Though people will agree with you that men of genius
are usually singular, or as the proverb says, _there are no great
wits without a grain of madness_, yet they will always look down on
ages that have produced no men of genius. They will pay honour to
the nations among whom they have existed; sooner or later, they
rear statues to them, and regard them as the benefactors of the
human race. With all deference to the sublime minister whom you
have cited, I still believe that if falsehood may sometimes be
useful for a moment, it is surely hurtful in the long-run; and so,
on the other hand, truth is surely useful in the long-run, though
it may sometimes chance to be inconvenient for the moment. Whence I
should be tempted to conclude that the man of genius who cries down
a general error, or wins credit for a great truth, is always a
creature that deserves our veneration. It may happen that such an
one falls a victim to prejudice and the laws; but there are two
sorts of laws, the one of an equity and generality that is
absolute, the other of an incongruous kind, which owe all their
sanction to the blindness or exigency of circumstance. The latter
only cover the culprit who infringes them with passing ignominy, an
ignominy that time pours back on the judges and the nations, there
to remain for ever. Whether is Socrates, or the authority that bade
him drink the hemlock, in the worst dishonour in our day?

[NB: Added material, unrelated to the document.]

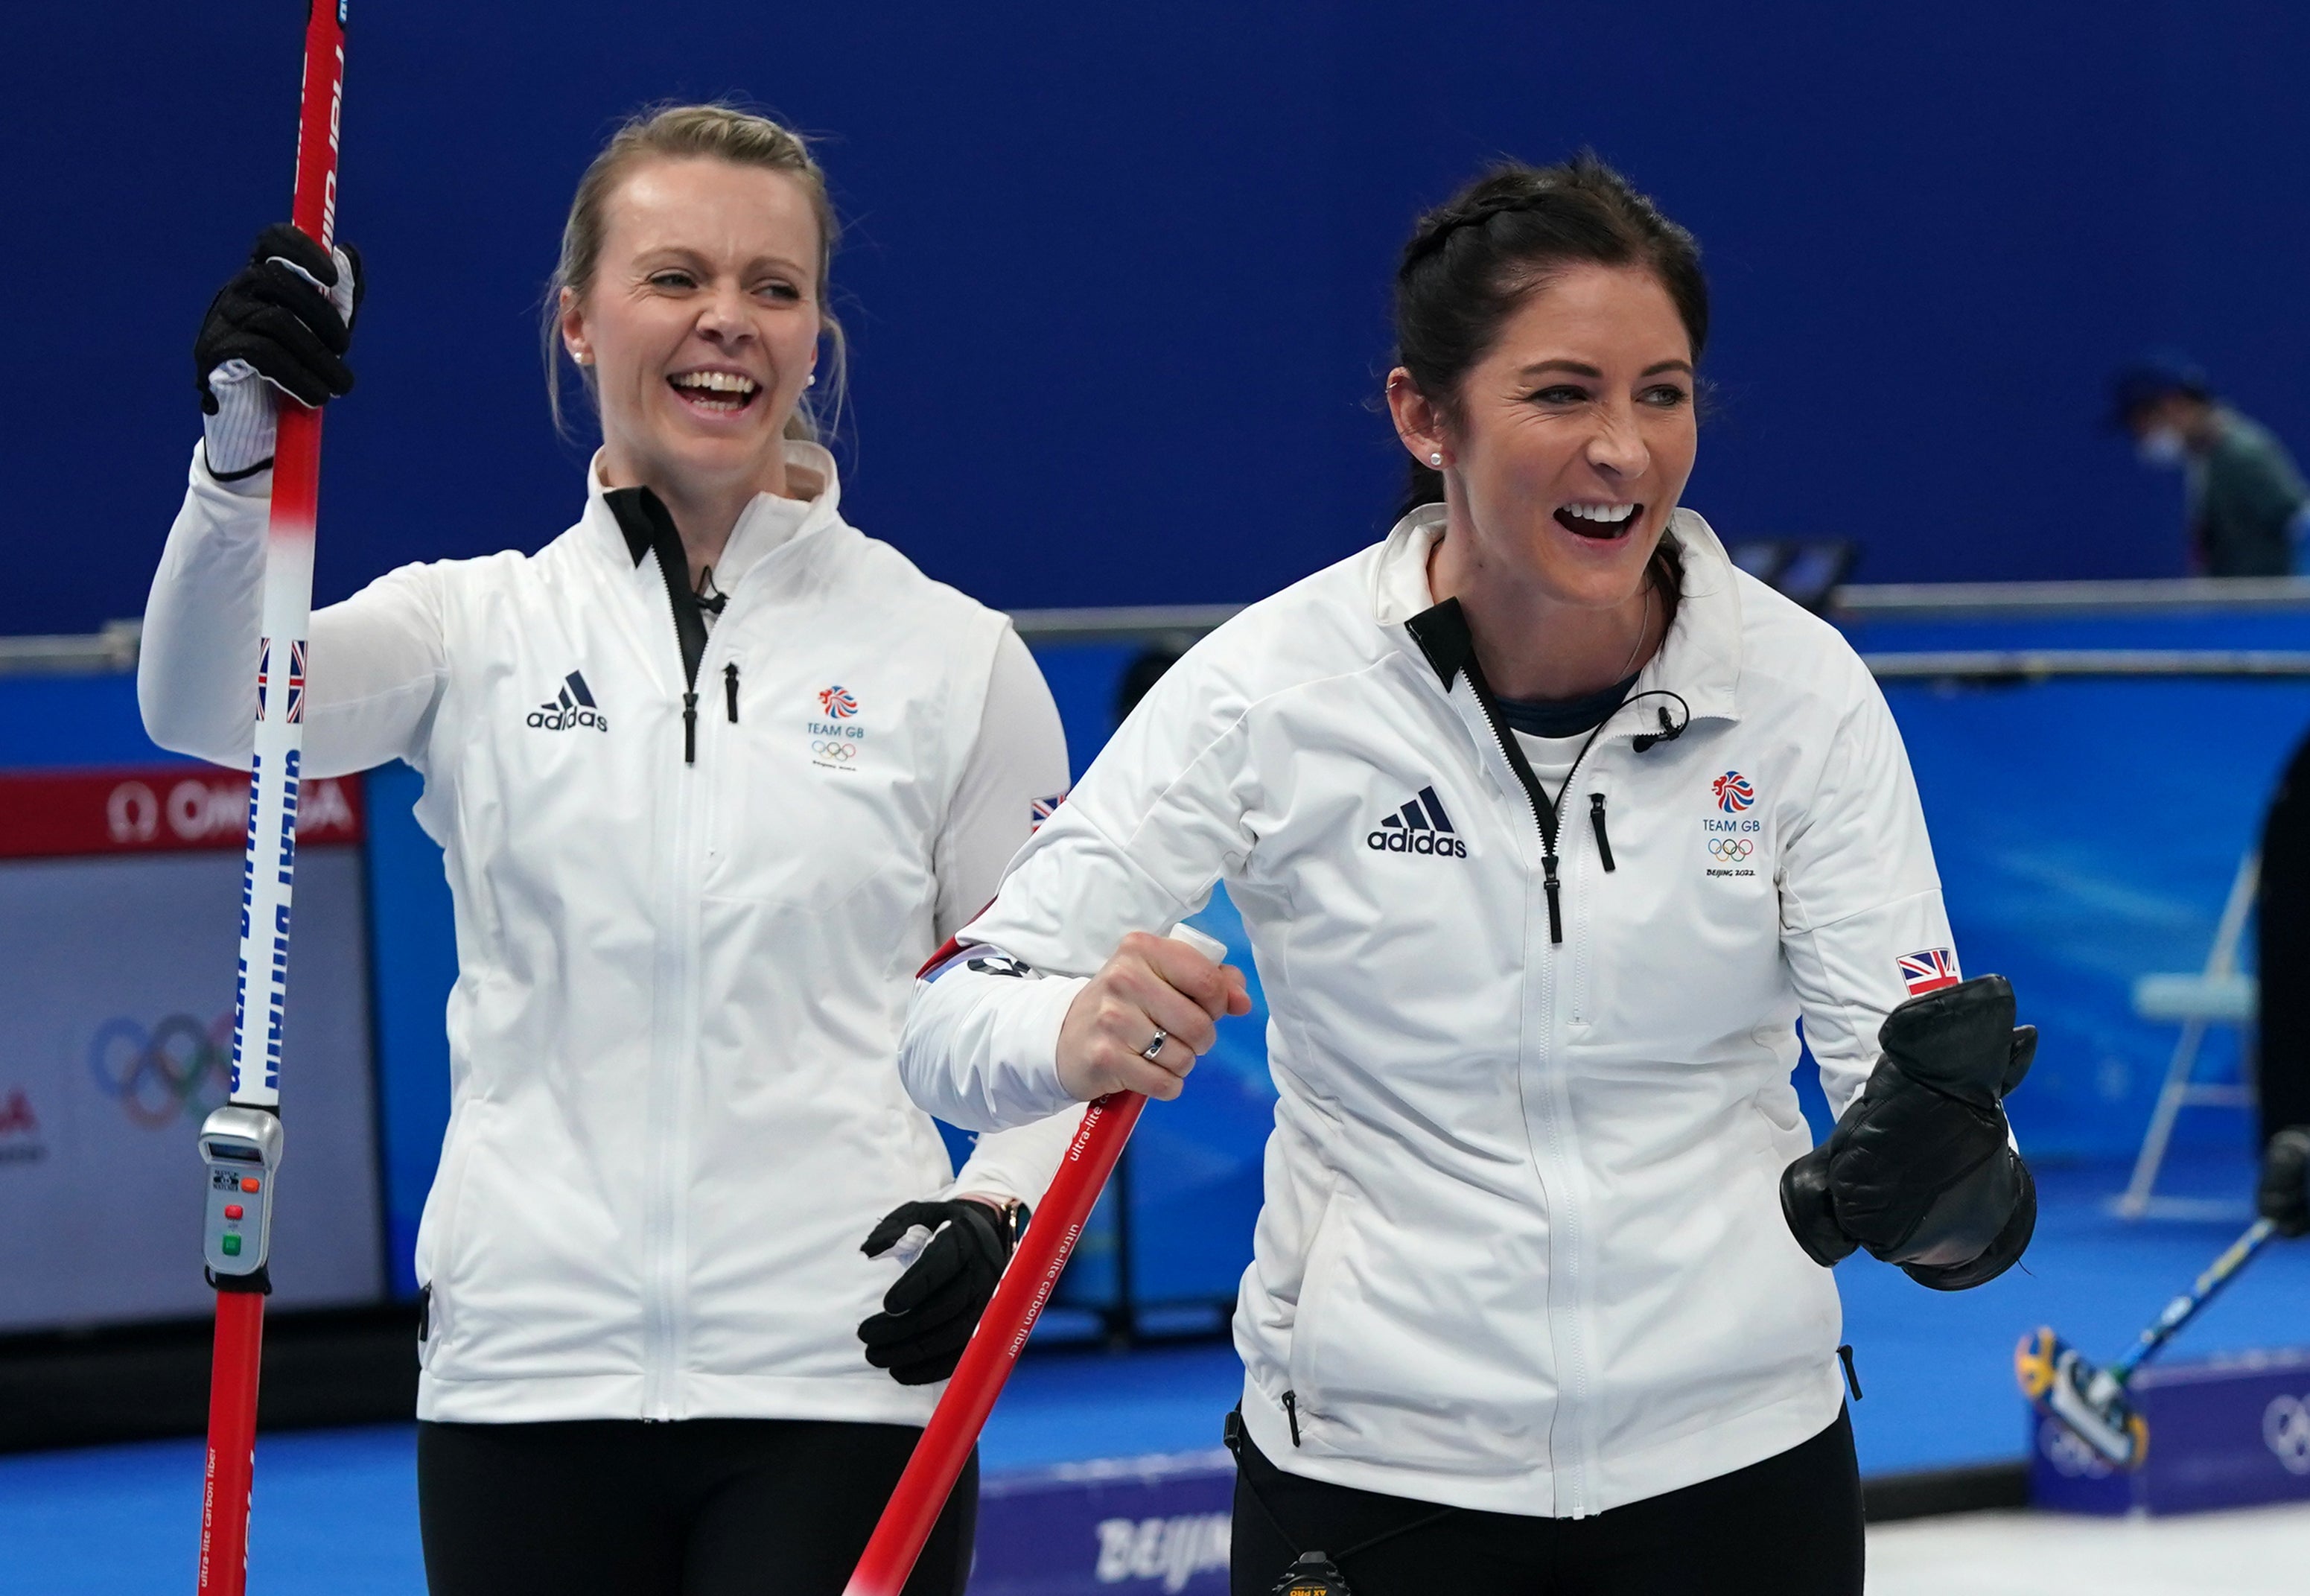 Eve Muirhead's curling team out to give GB golden finish to Winter Olympics
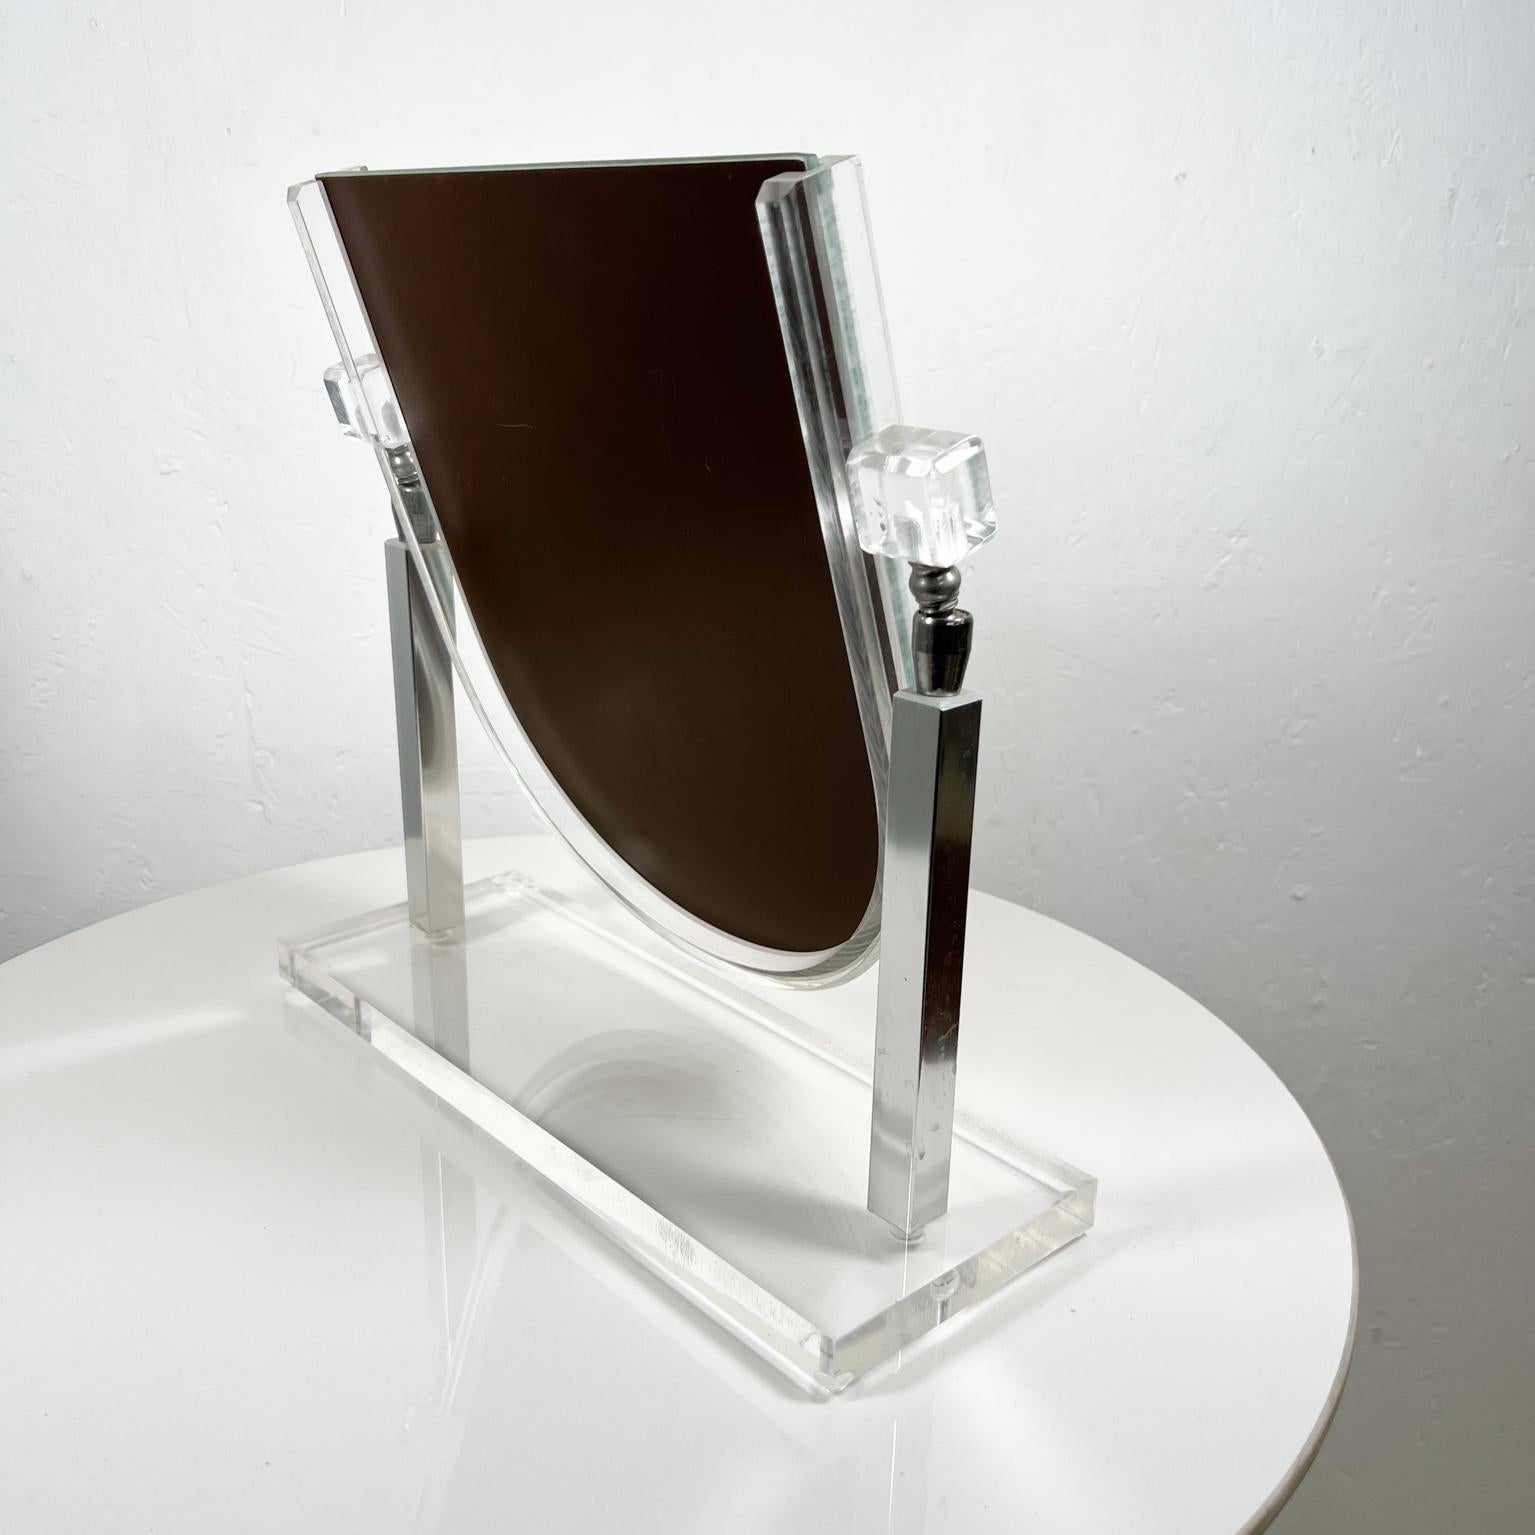 1970s Modernist Lucite Chrome Table Vanity Mirror  For Sale 4

_He._--Not so fast. Was he any the less for that condemned? Or any
the less put to death? Or any the less a bad citizen? By his
contempt for a bad law did he any the less encourage blockheads to
despise good ones? Or was he any the less an audacious eccentric?
You were close there upon an admission that would have done little
for men of genius.
_I._--But listen to me, my good man. A society ought not to have
bad laws, and if it had only good ones, it would never find itself
persecuting a man of genius. I never said to you that genius was
inseparably bound up with wickedness, any more than wickedness is
with genius. A fool is many a time far worse than a man of parts.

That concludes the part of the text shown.